A portable plantar pressure system: Specifications, design, and preliminary results
Abstract
BACKGROUND:
In recent years, there has been an increasing interest in developing in-shoe foot plantar pressure systems. Although such devices are not novel, devising insole devices for gait analysis is still an important issue.
OBJECTIVE:
The goal of this study is to develop a new portable system for plantar pressure distribution measurement based on a three-axis accelerometer.
METHODS:
The portable system includes: PJRC Teensy 3.6 microcontroller with 32-bit ARM Cortex-M4 microprocessor with a clock speed of 180 MHz; HC-11 radio modules (transmitter and receiver); a battery; a fixing band; pressure sensors; MPU-9150 inertial navigation module; and FFC tape. The pressure insole is leather-based and consists of seven layers.
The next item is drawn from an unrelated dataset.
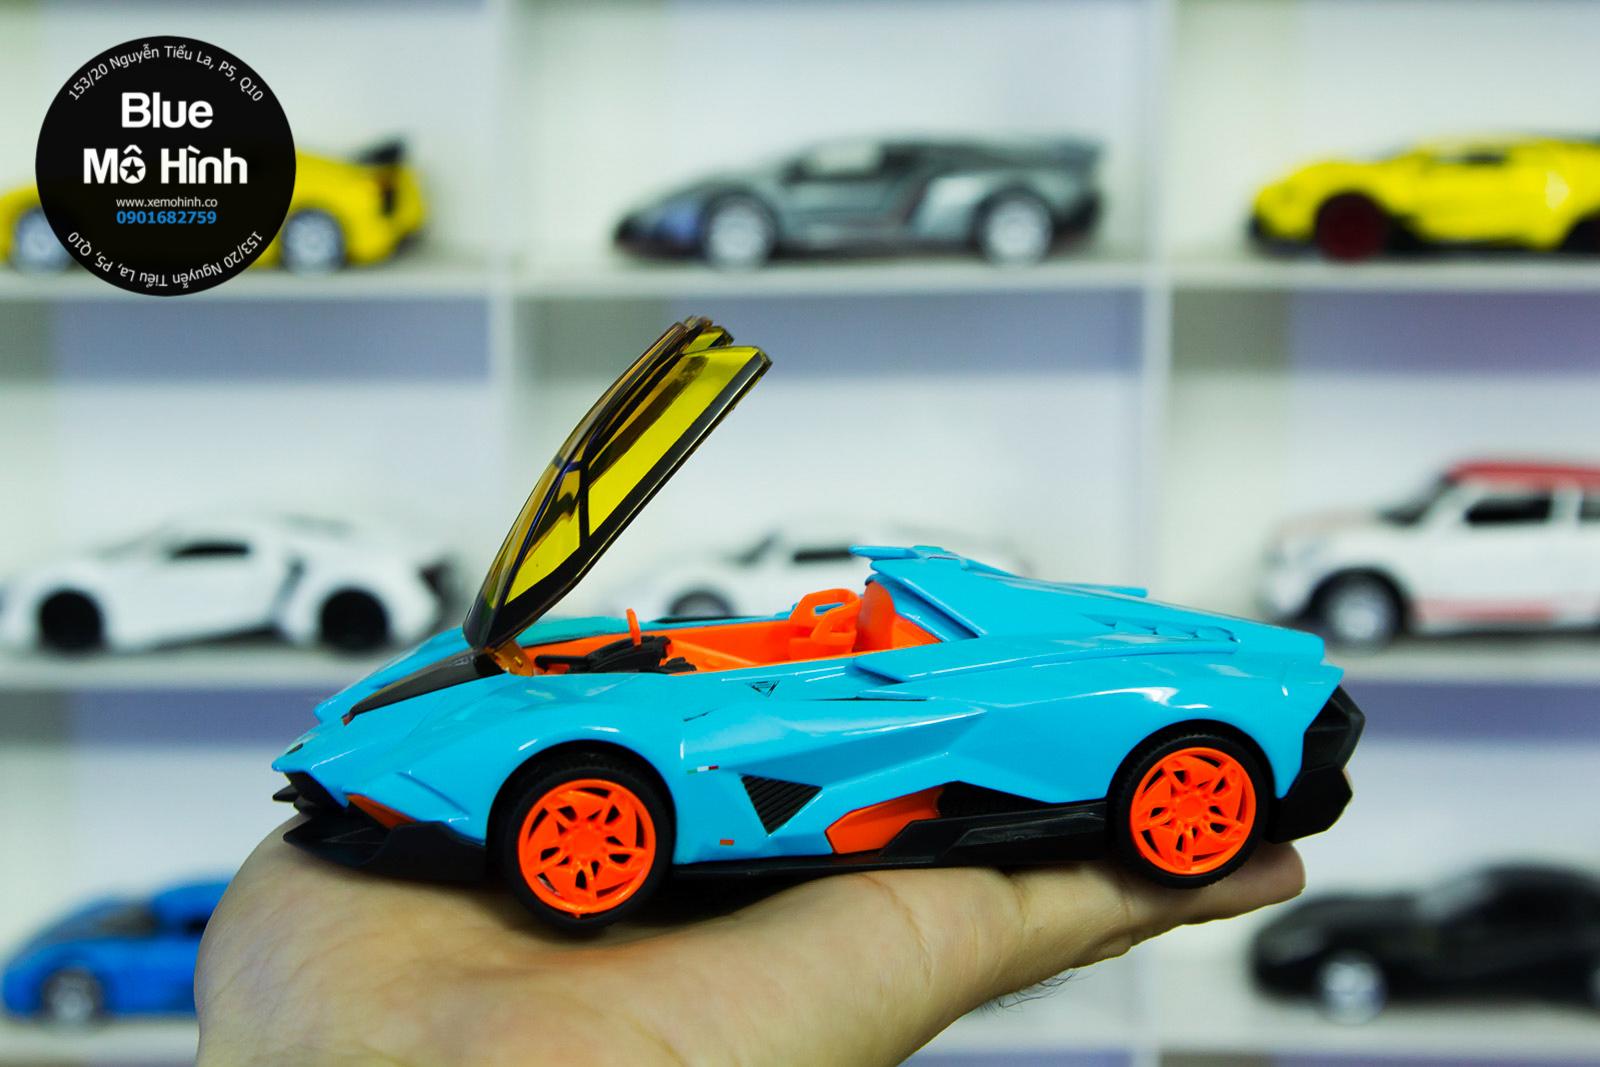 Lamborghini Egoista 1 Blue Mo Hinh

It is divided into 16 areas and the outcome of the system is data concerning plantar pressure distribution under foot during gait. The system was tested on 22 healthy volunteer subjects, and the data was compared with a commercially available system: Medilogic.
RESULT:
The SNR value for the proposed sensor is 28.27 dB. For a range of pressure of 30–100 N, the sensitivity is 0.0066 V/N while the linearity error is 0.05. The difference in plantar pressure from both the portable plantar pressure system and Medilogic is not statistically significant.
CONCLUSION:
The proposed system could be recommended for research applications both inside and outside of a typical gait laboratory.
1.Introduction
Human movement is a result of a complex interaction between various peripheral and central inputs. Quantitative variables such as joint angles, joint moments and powers, pressure distribution, or spatiotemporal gait parameters are crucial to identify a person’s disability [1, 2, 3, 4]. Among the gait parameters, plantar pressure distribution is a significant clinical parameter in the diagnosis of lower limbs deformities [5, 6, 7]. Several types of measurement systems exist, i.e. dynamometric platforms, portable pressure-sensitive mats, and in-shoe systems [8, 9, 10, 11]. The platforms have different designs and functionalities and differ primarily in the following parameters: sensitivity, range, frequency, and size. Despite their numerous advantages, they are limited to indoor measurement. In turn, plantar pressure mats consist of a large number of sensors, which ensures a high accuracy of measurement. However, the disadvantage is the impossibility of data collection in various conditions, e.g. during climbing or descending stairs. On the contrary, in-shoe sensors are more flexible and embedded in the shoe. There are several commercial portable systems available on the market, namely F-scan (Tekscan, USA), Pedar-X (Novel Inc., USA), LogR (Orpyx Inc., Canada), and Medilogic (T&T Medilogic Medizintechnik GmbH, Germany). The main disadvantage of such systems is their fragility, caused by the demand for minimal thickness and a heavy work environment.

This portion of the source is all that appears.